*** Opening of Data provided ***

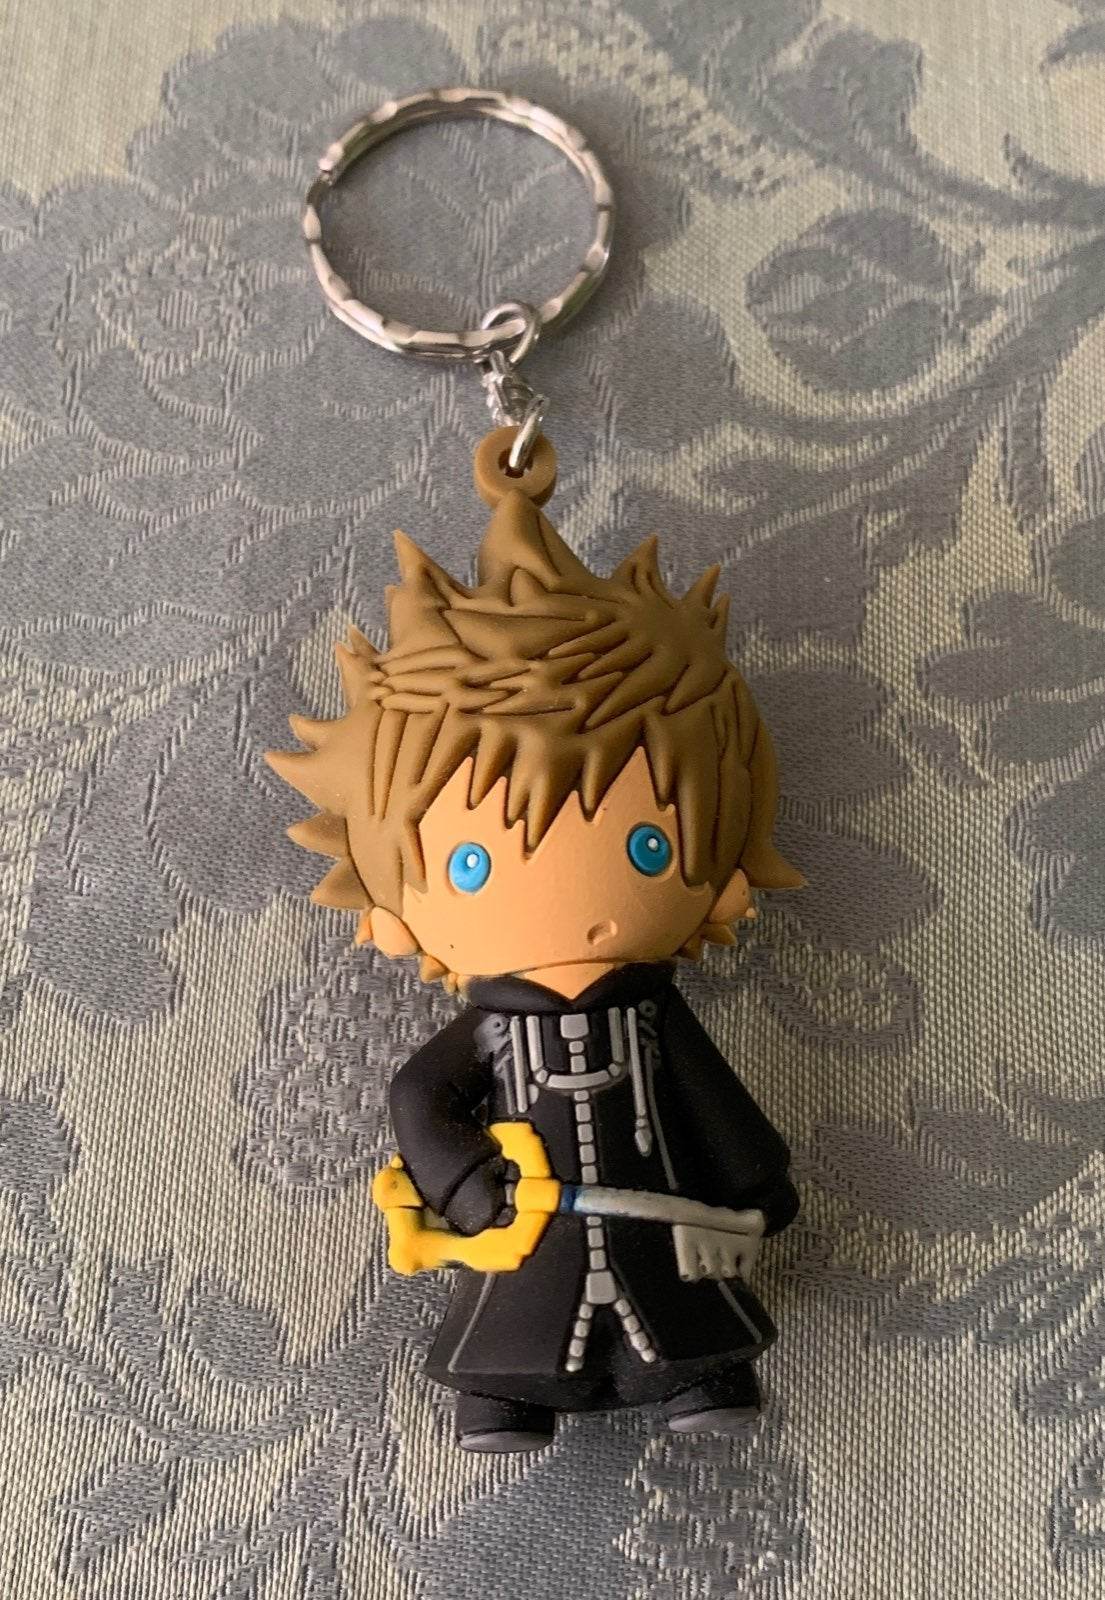 Kingdom Hearts Series 3 Roxas Keychain
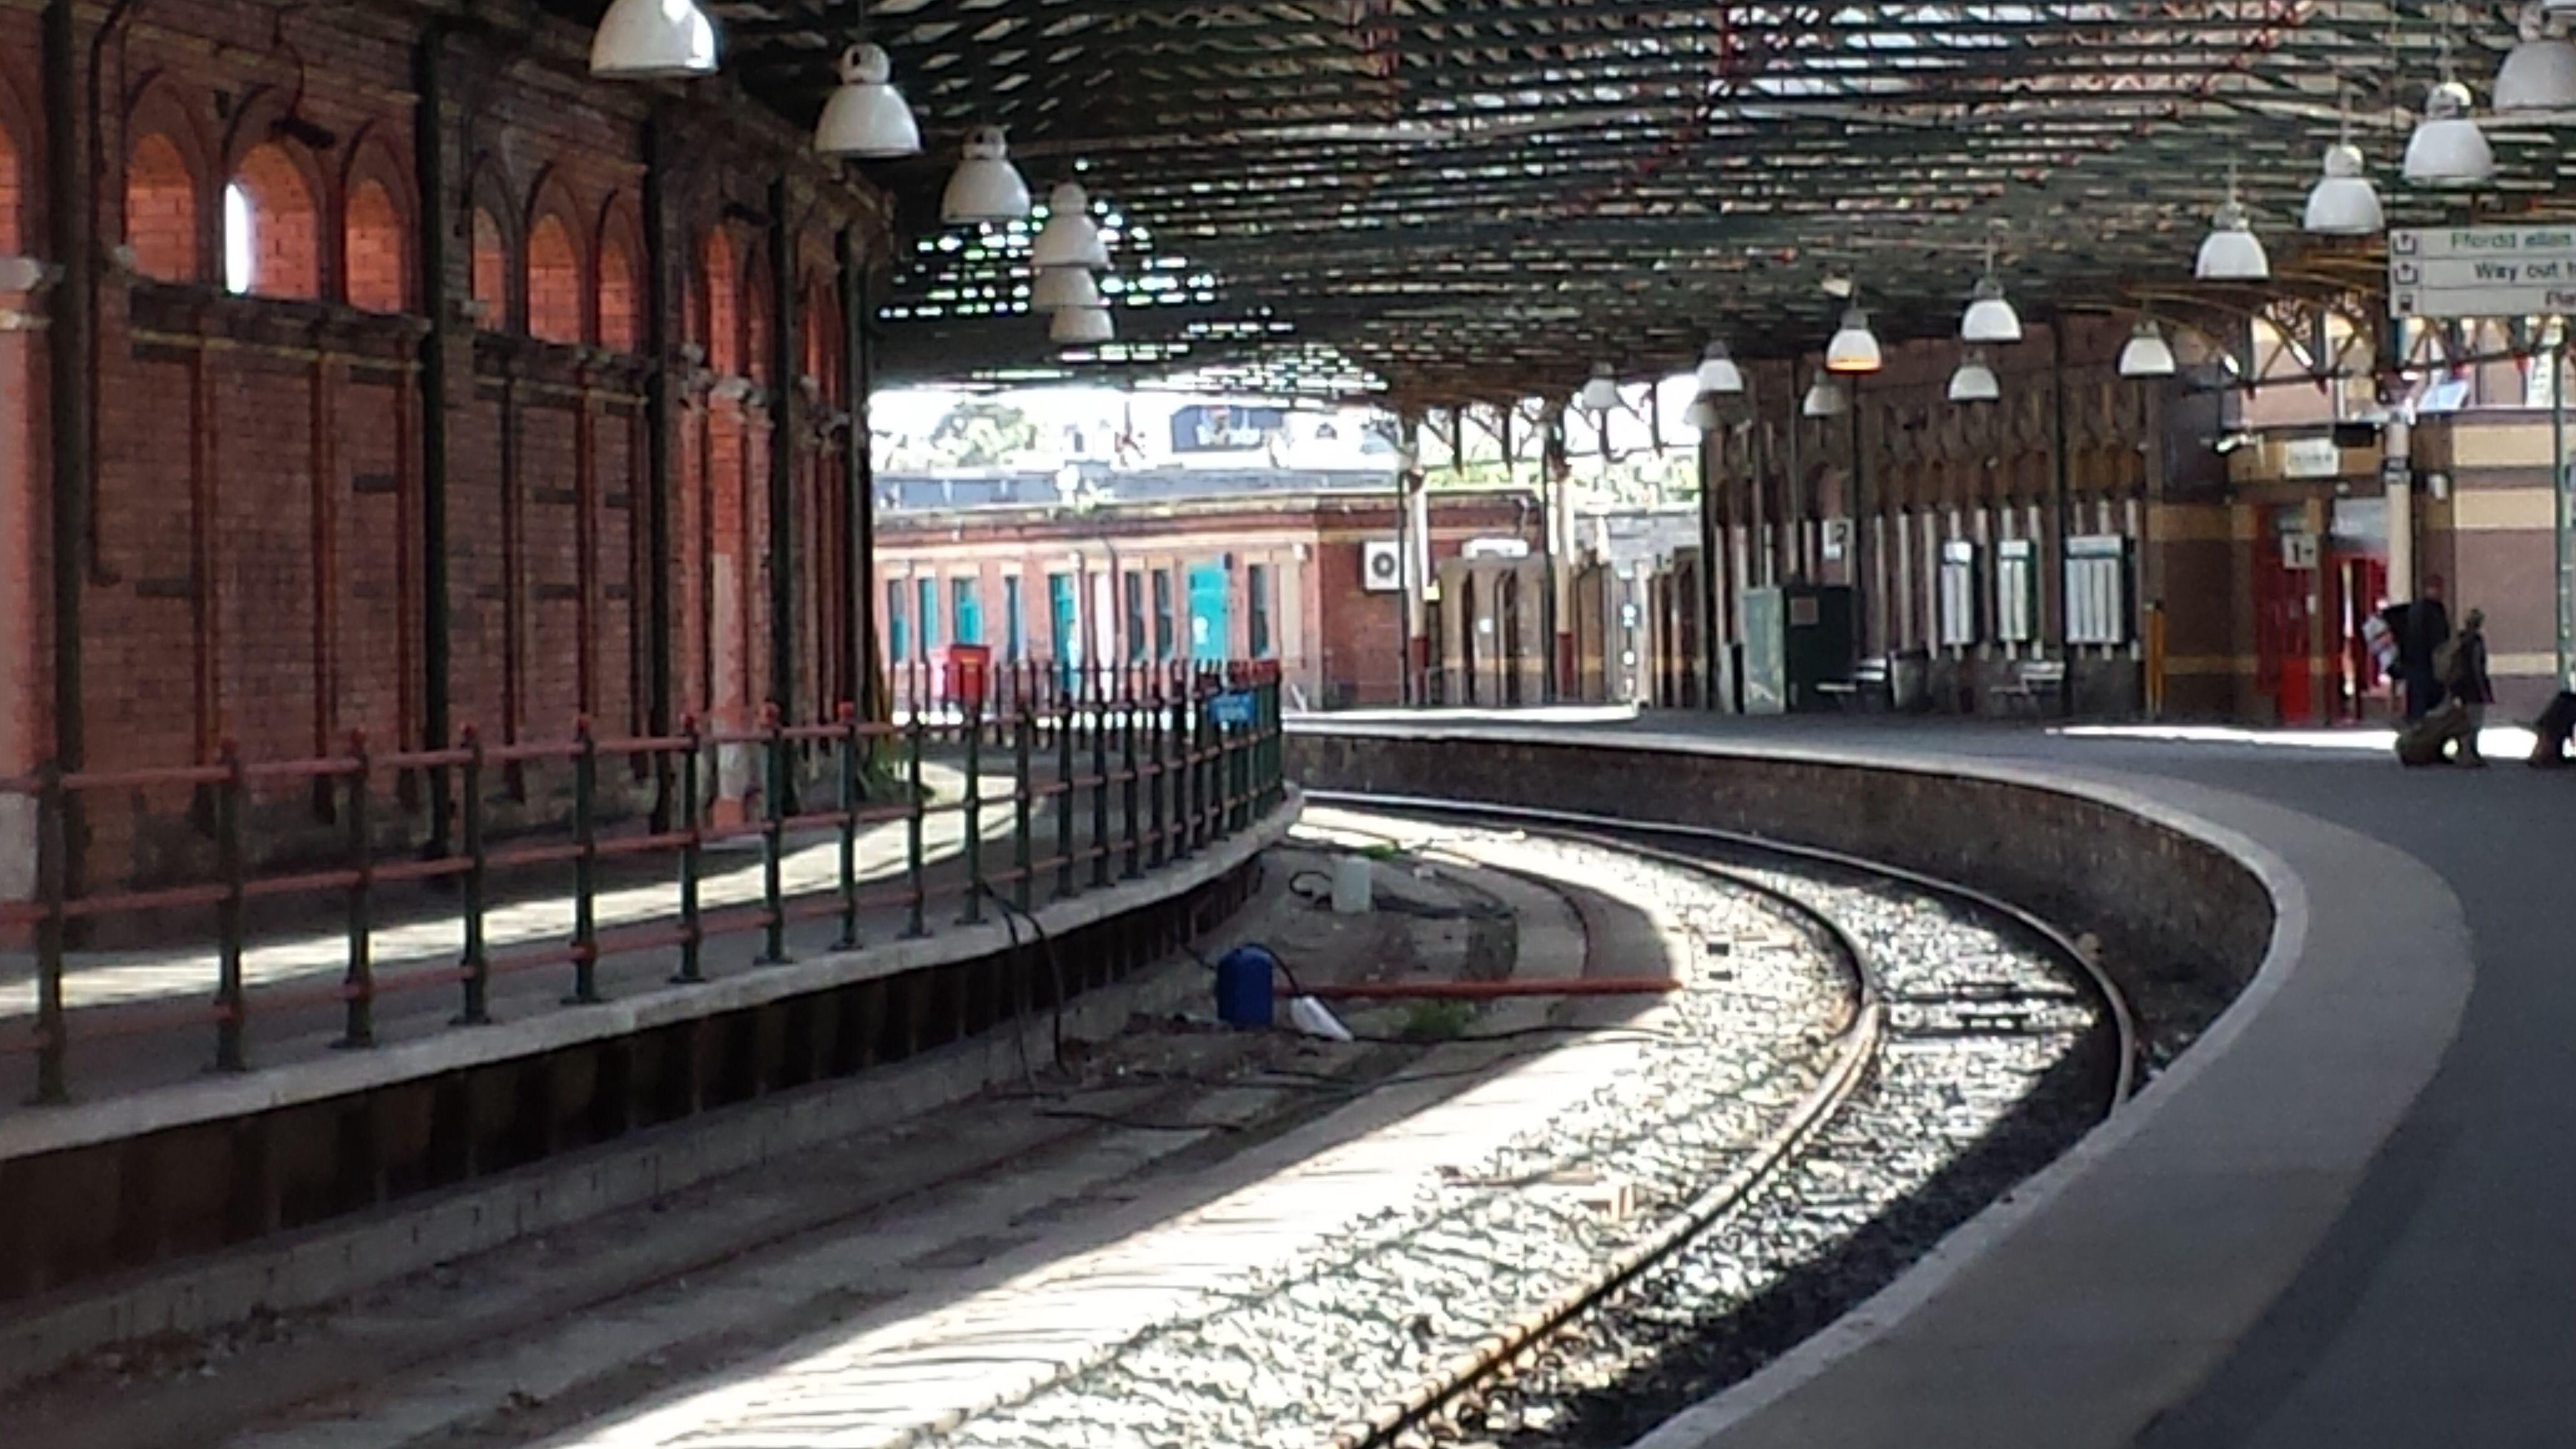 Holyhead Station, Wales
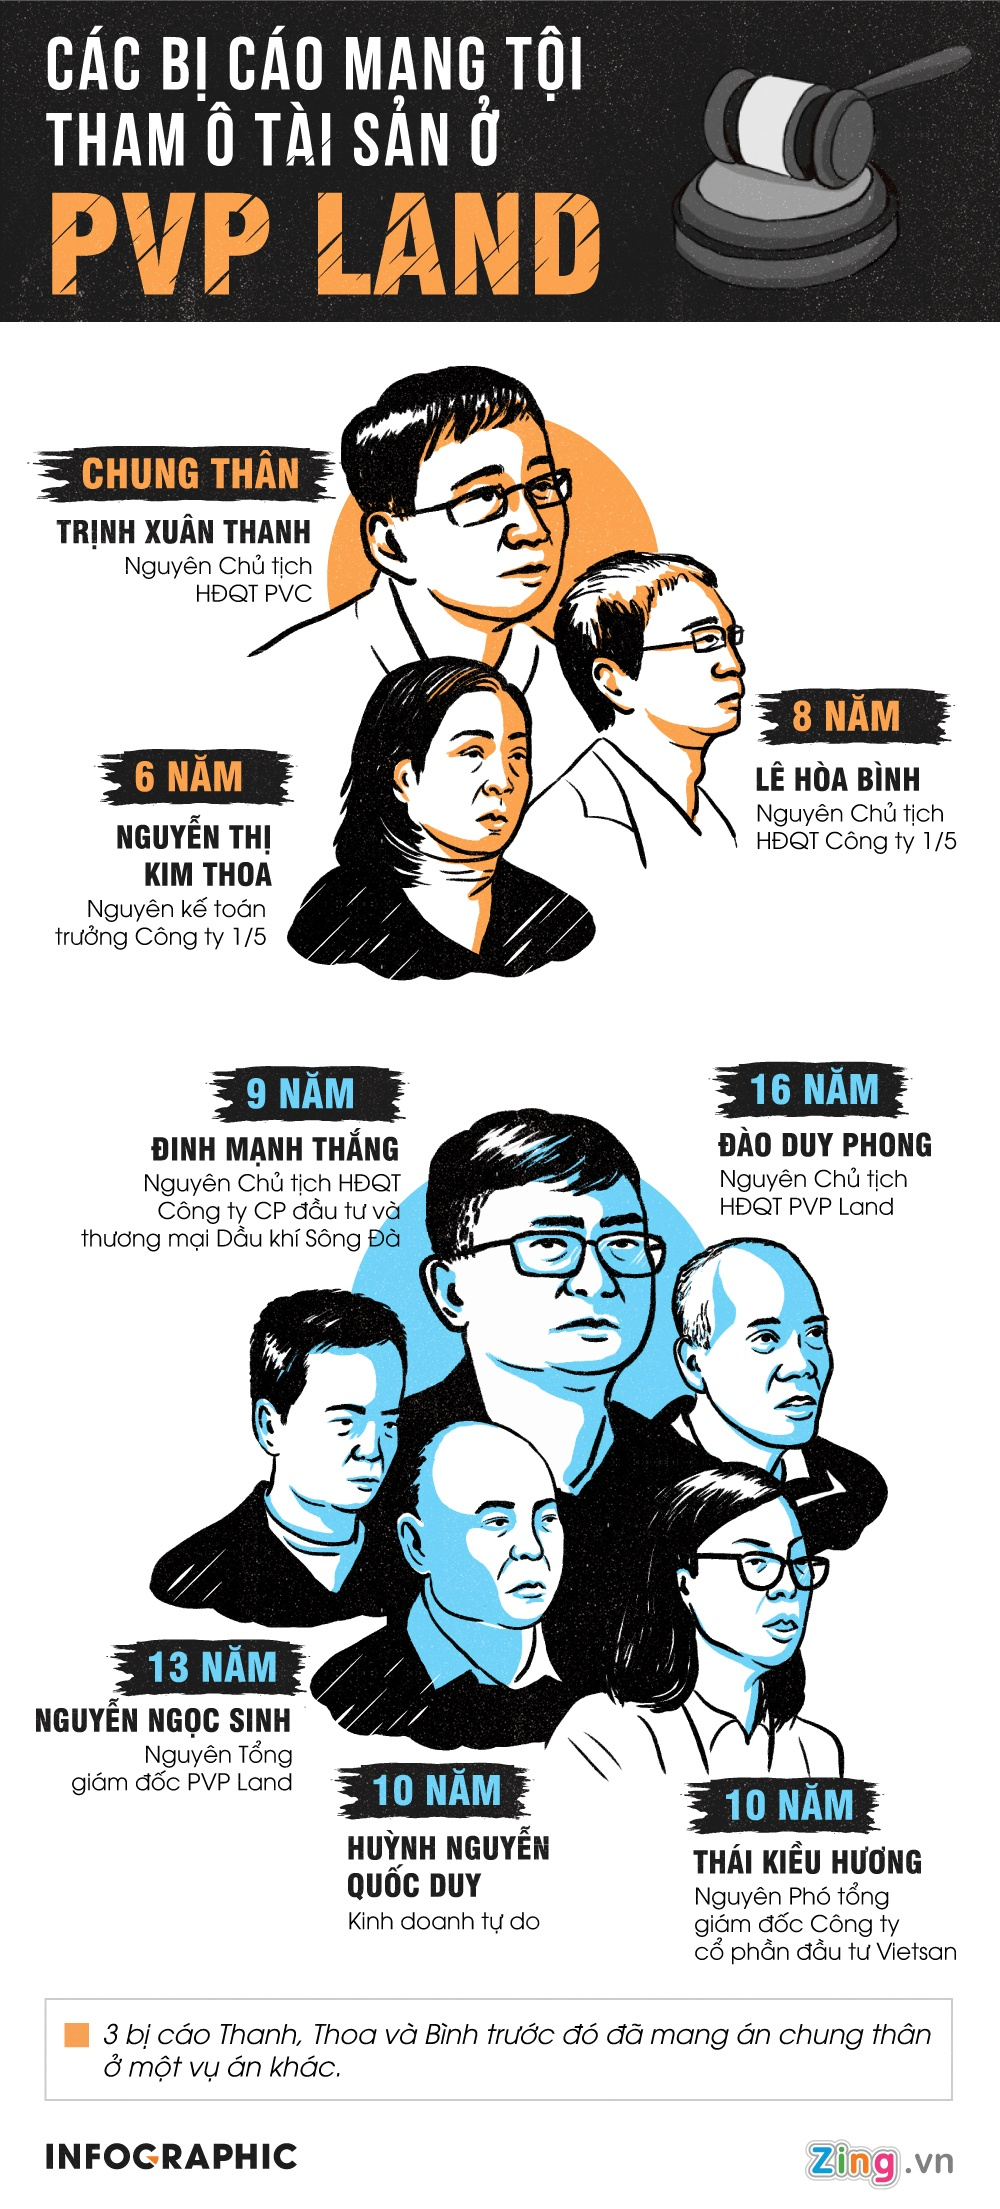 Tuyen an vu Trinh Xuan Thanh anh 1

*** Close of Data provided ***

(Assigned task): Give every line of the data above again as it stands; the pictures stay out.

(Problem solution):
 Kingdom Hearts Series 3 Roxas Keychain
 Holyhead Station, Wales
 Tuyen an vu Trinh Xuan Thanh anh 1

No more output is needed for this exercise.